# It's about time for Austin....:(



## halo4me (Jul 16, 2012)

Austin, 10 yrs old GDS we have him since puppy and we bring him with us from New Zealand to Canada 2years ago. 

Recently, he has became really sick. His skin condition getting worse too. It's tough for us as he still very playful even his back legs sometimes weird limped, he has difficulty to walk up and down the stairs at home. :crazy:

We're taking him to see Vet tomorrow, I'm not sure how to coping this. We had lost our cat 6 years ago, due to food poisoning and when we ran into Vet it was too late. I'm still feel those helpless moment, I'm still not sure put my dog to sleep is good for him or everyone or nobody.
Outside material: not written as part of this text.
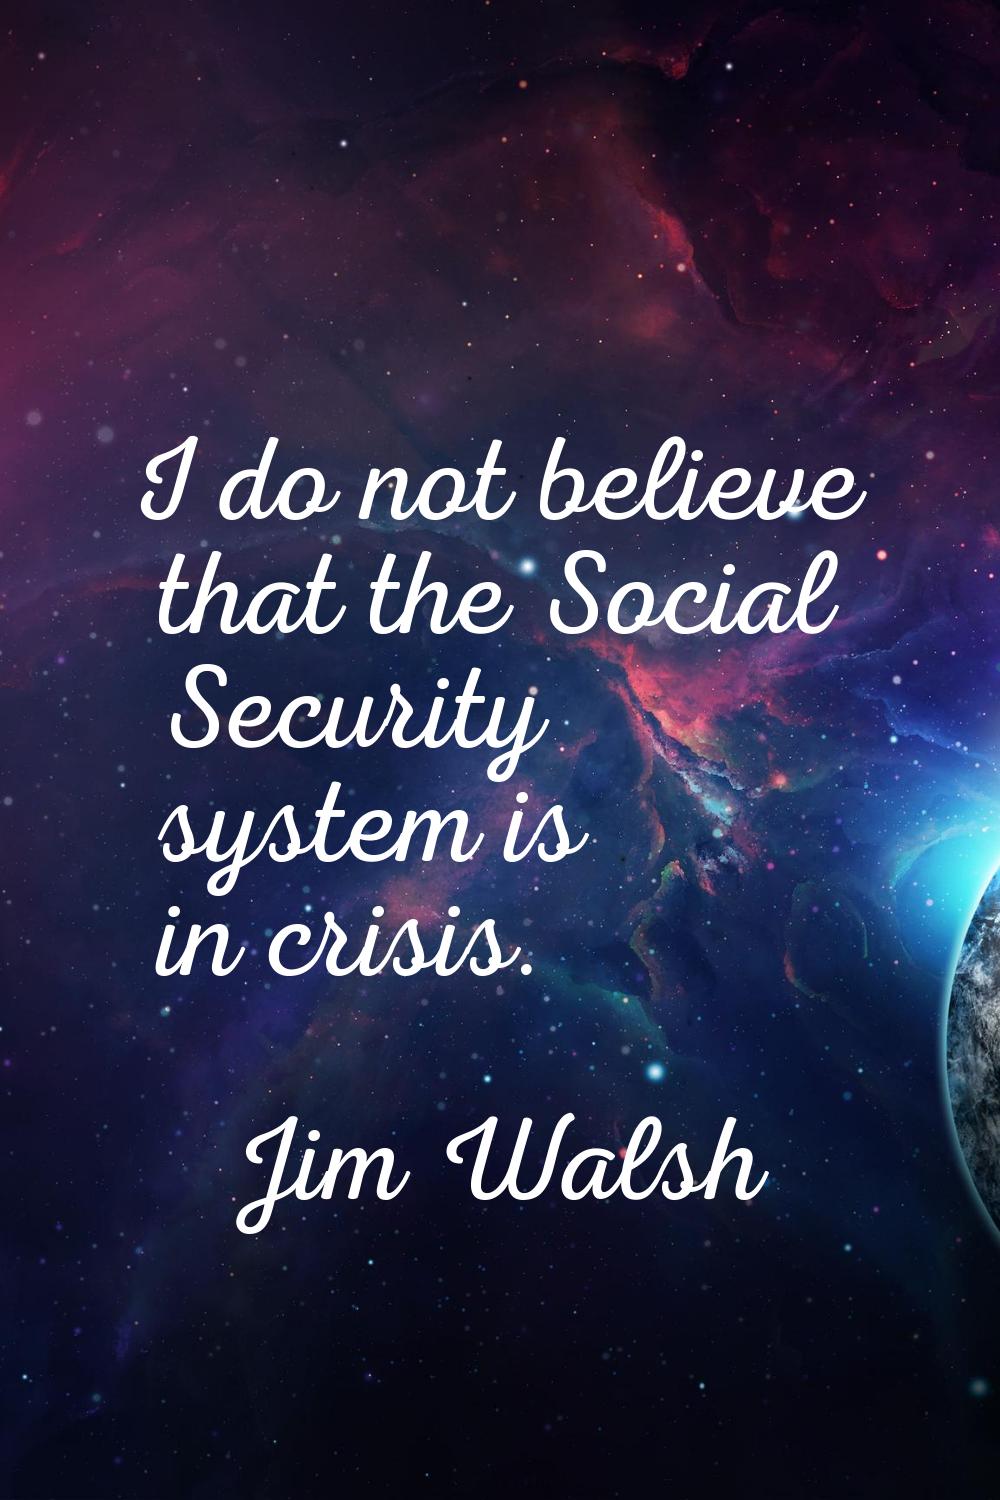 I do not believe that the Social Security system is in crisis.

My son is going to be so upset to missing Austin during his weekend park time. My son call Austin, 'his big brother and best friend' 

any comfort / prays is needed.

thanks
Wendy


----------



## pyratemom (Jan 10, 2011)

So sorry the time has come to make this tough decision. It never gets any easier but just know you have to do what is best for your dog, not for you. That is the hardest as we really never want them to leave us. Prayers for you and your furry one.


----------



## Loneforce (Feb 12, 2012)

Maybe your Vet will have better news for you to maintain Austin. Wishing you luck tomorrow..


----------



## Shade (Feb 20, 2012)

Sending wishes for good news, and peace and comfort if there's none. You're never alone, most of us have had to make that hard decision at least once and it never gets easier :hugs:


----------



## Kyleigh (Oct 16, 2012)

Awww, what a horrible time you are going to be facing. Big hugs to you and your family ... All the right words will never make you feel better ... Just remember all those fabulous times you have all shared


----------